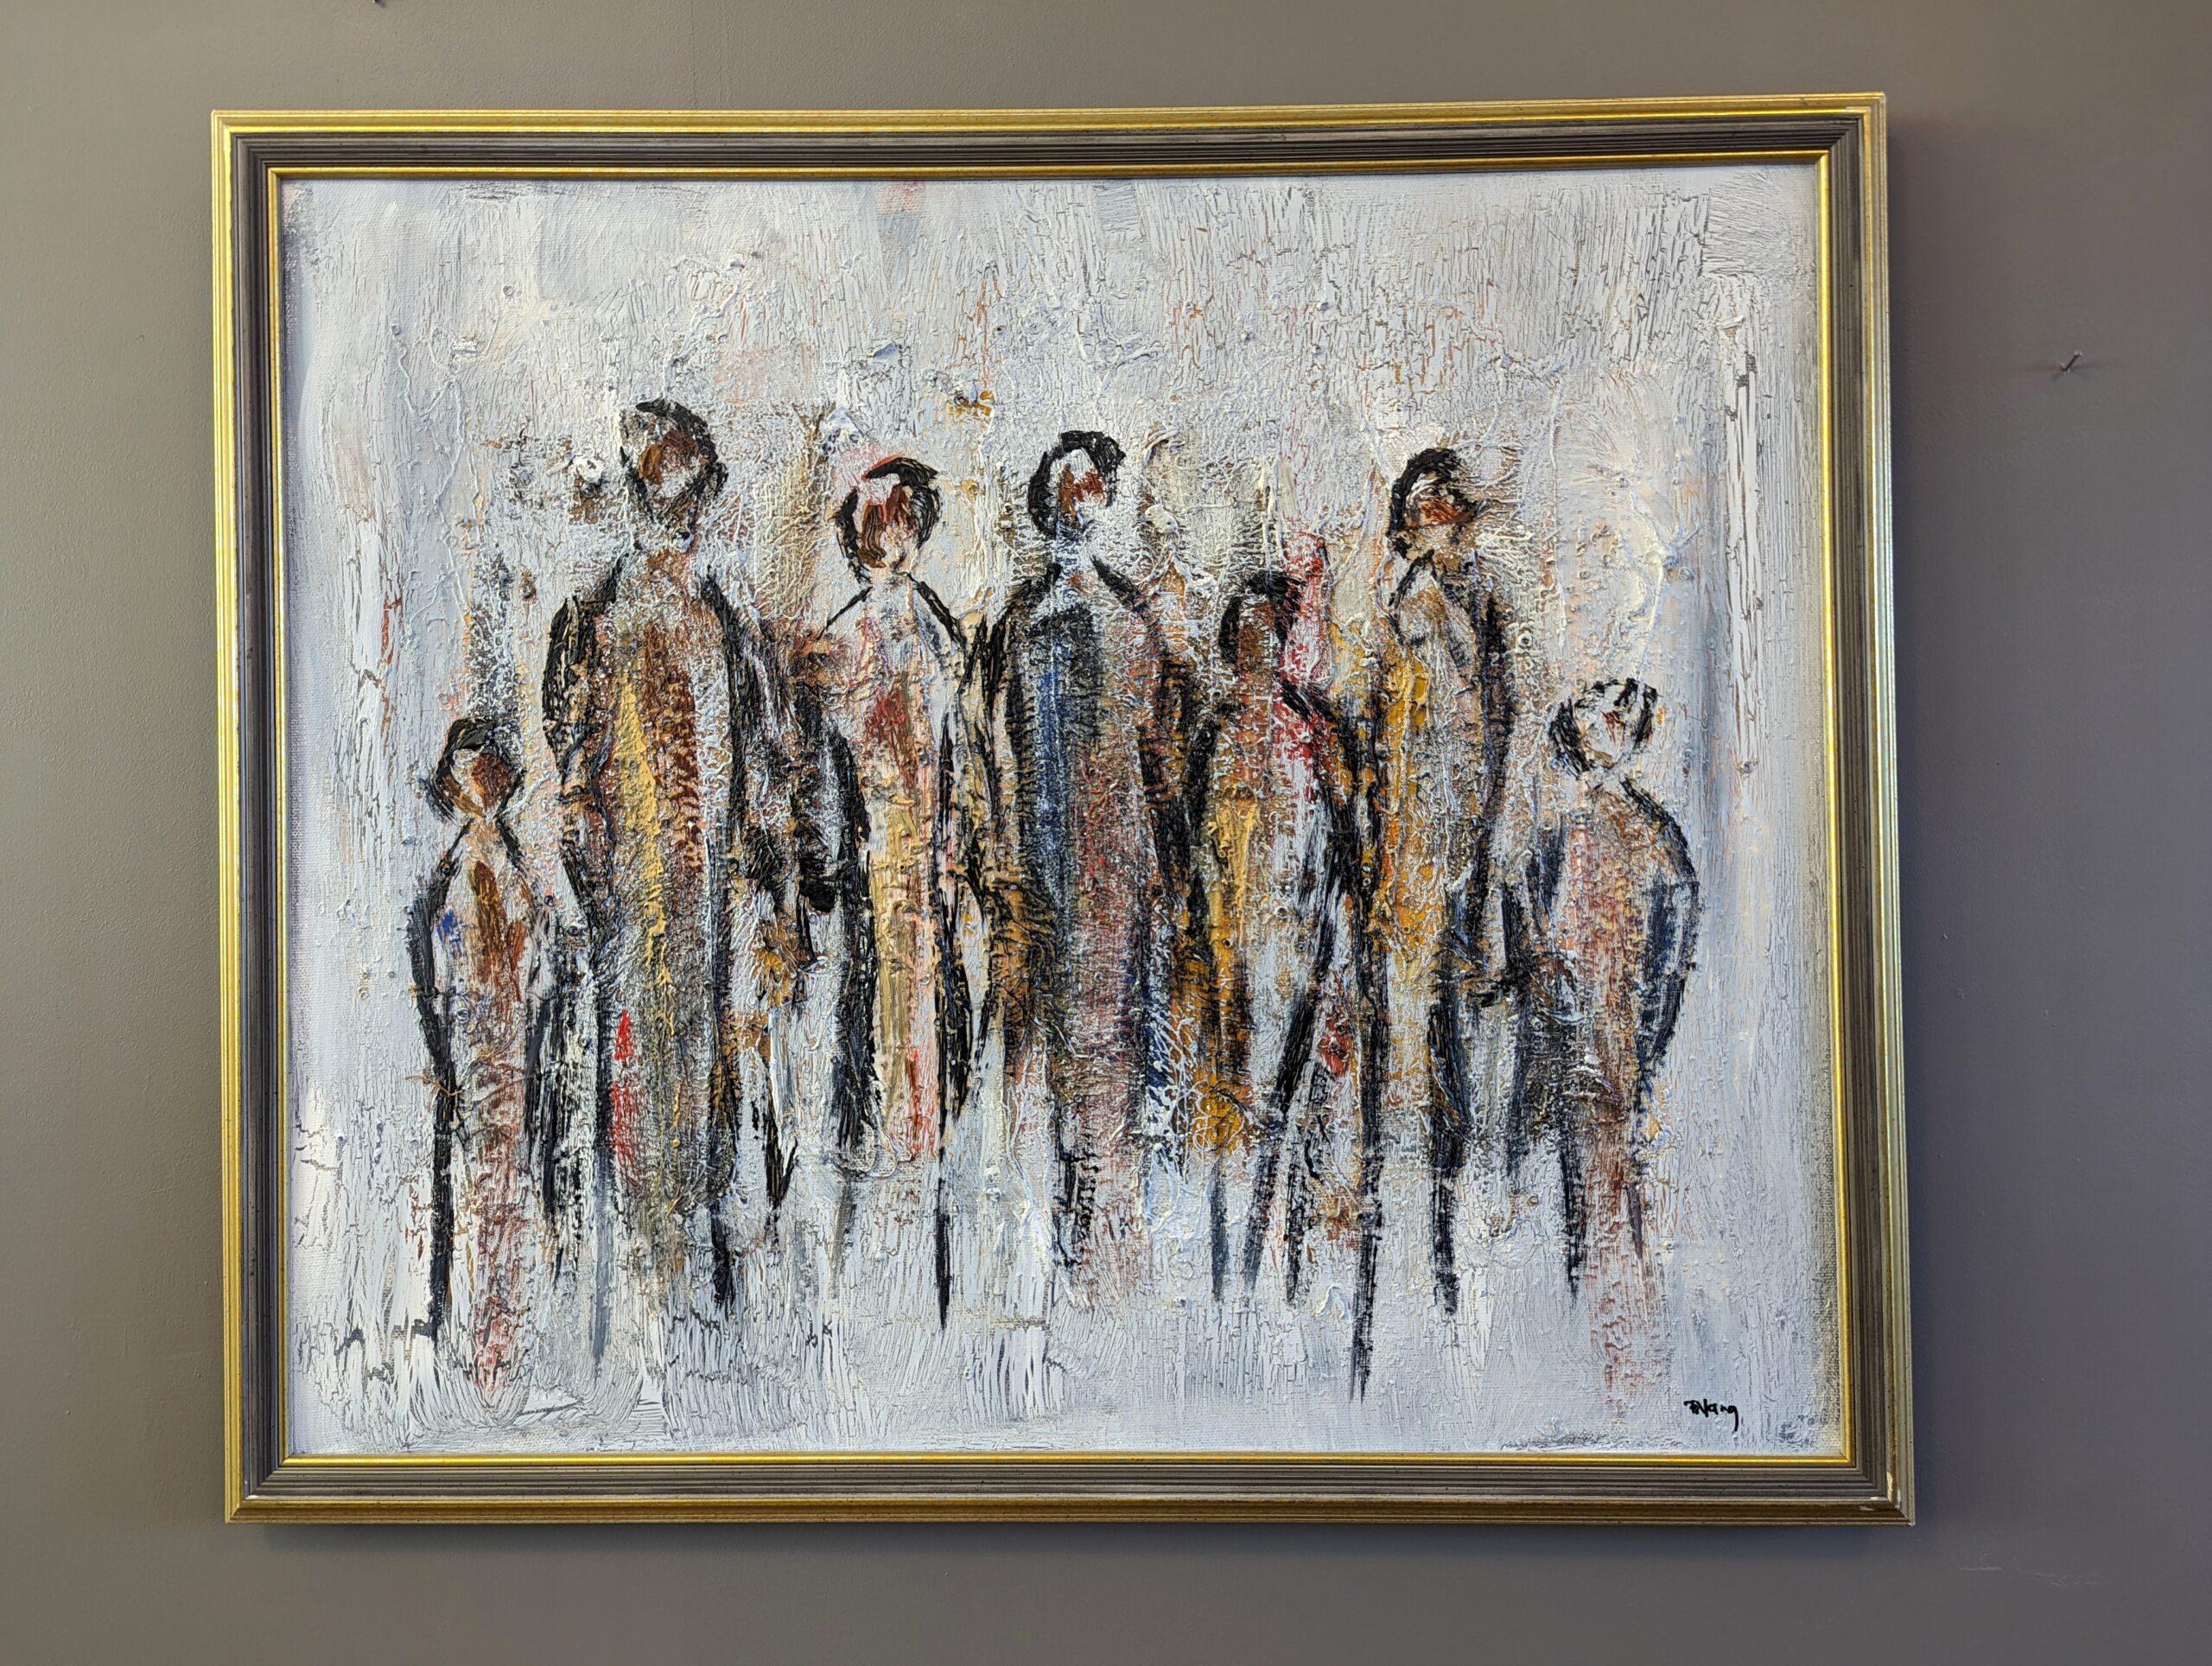 ALL TOGETHER 
Size: 55 x 64.5 cm (including frame)
Oil on canvas

A richly textured mid-century abstract figurative painting, executed in oil onto canvas.

Simple yet effective in its composition, a group of enigmatic figures takes center stage, and

=======

Task:
For each line of the entries that contains the word "canvas", make a copy.

Exercise response:
Oil on canvas
A richly textured mid-century abstract figurative painting, executed in oil onto canvas.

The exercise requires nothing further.